# Activity:
Please restate the listing word for word, omitting the images.
---------- Recorded information ----------
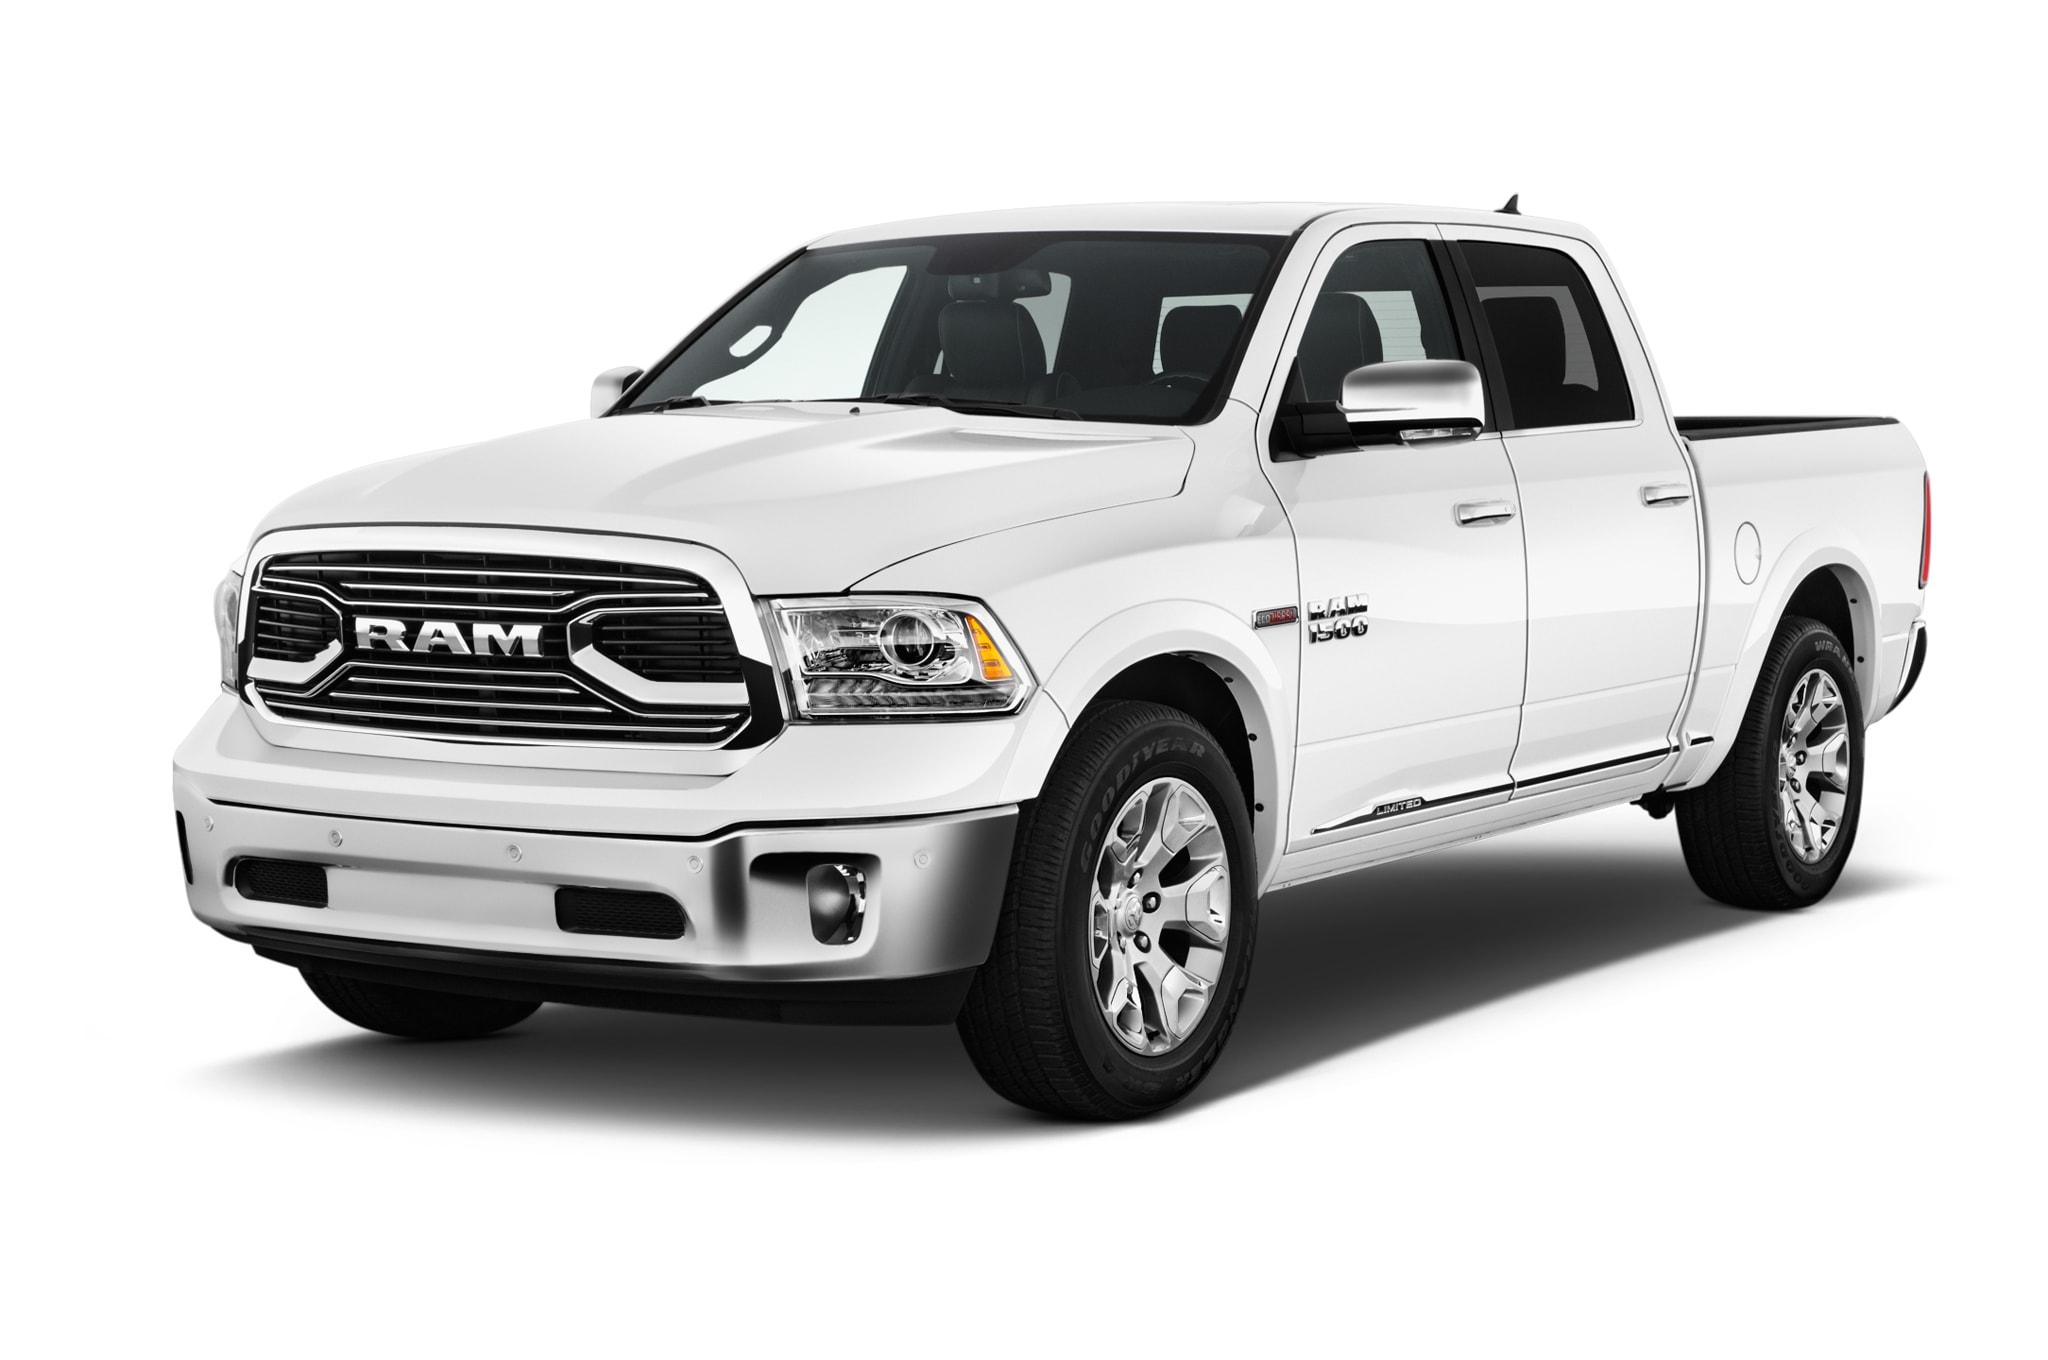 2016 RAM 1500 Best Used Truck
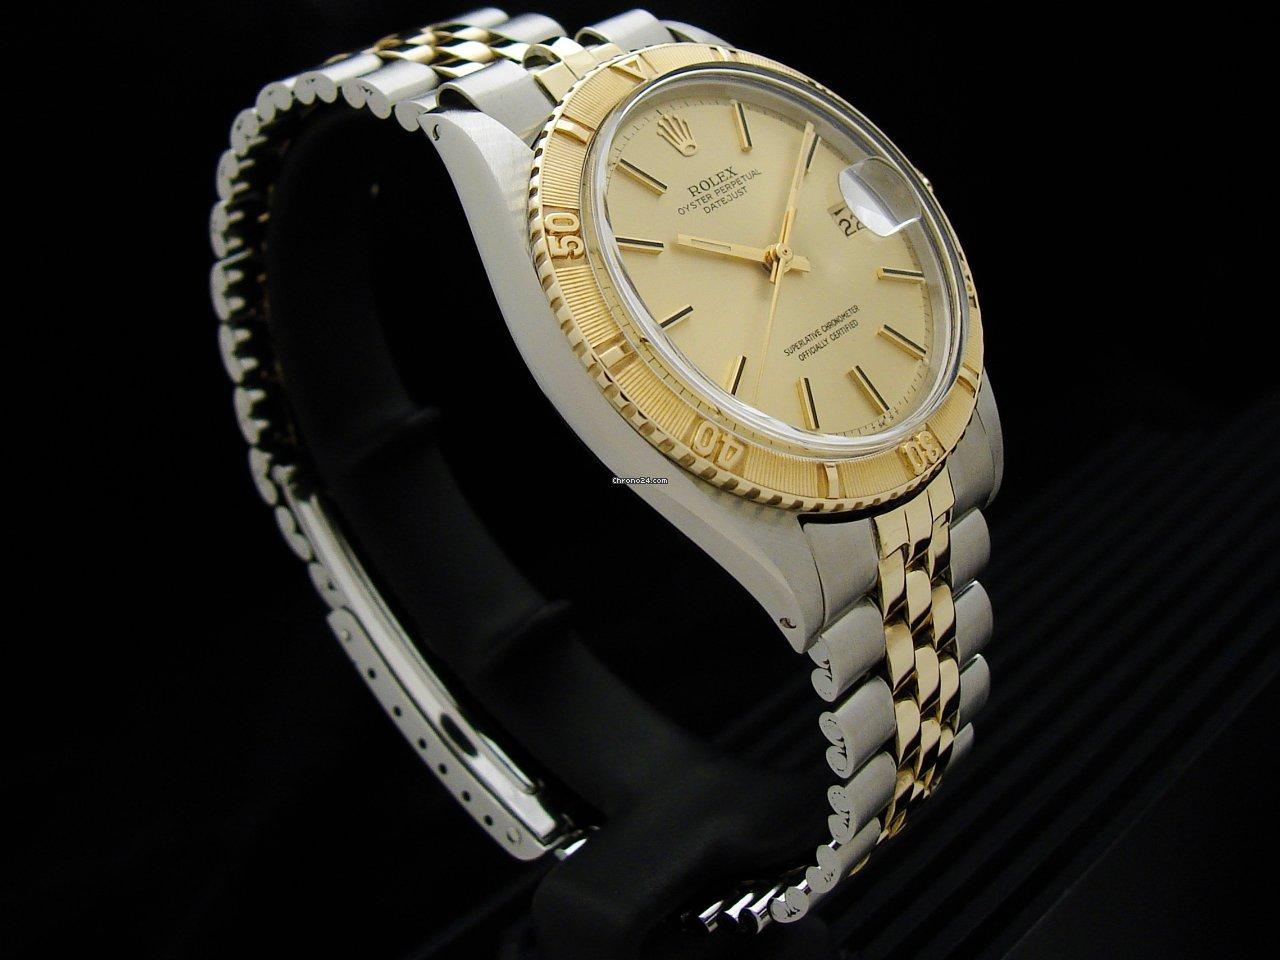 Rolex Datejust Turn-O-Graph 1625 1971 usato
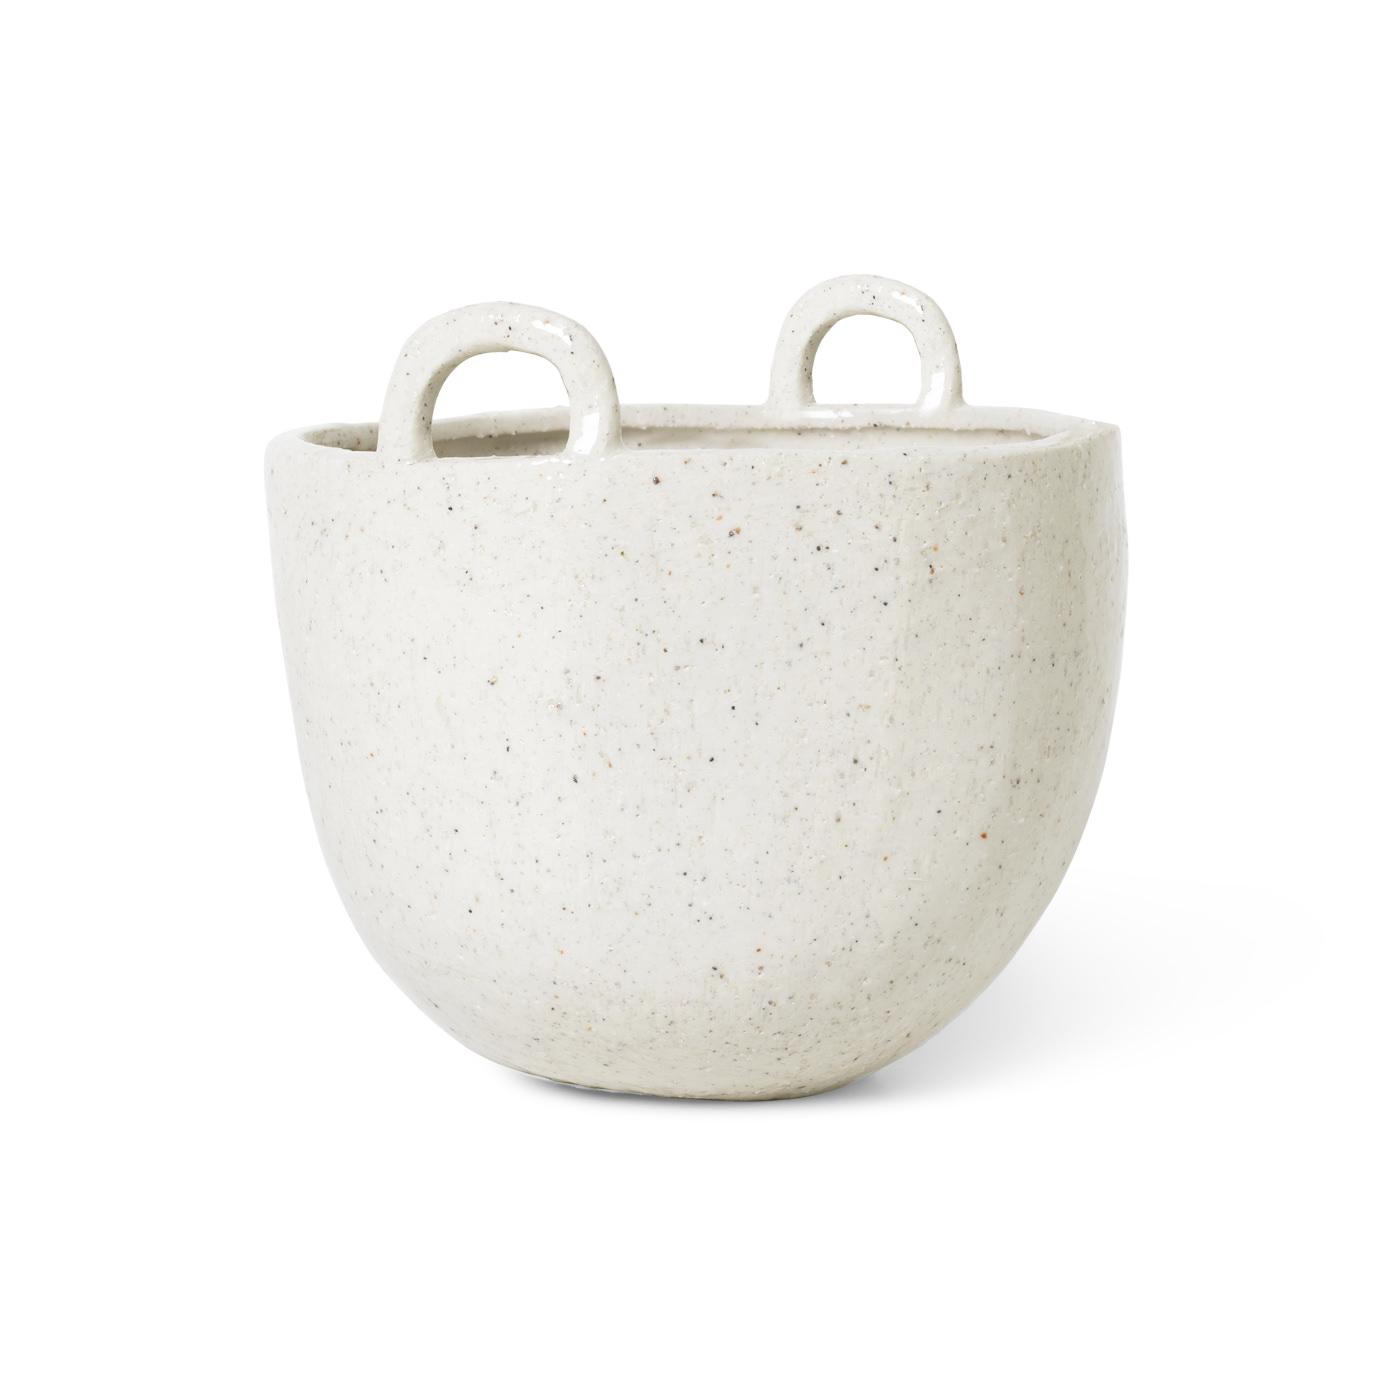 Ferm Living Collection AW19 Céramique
----------
# Written solution:
 2016 RAM 1500 Best Used Truck
 Rolex Datejust Turn-O-Graph 1625 1971 usato
 Ferm Living Collection AW19 Céramique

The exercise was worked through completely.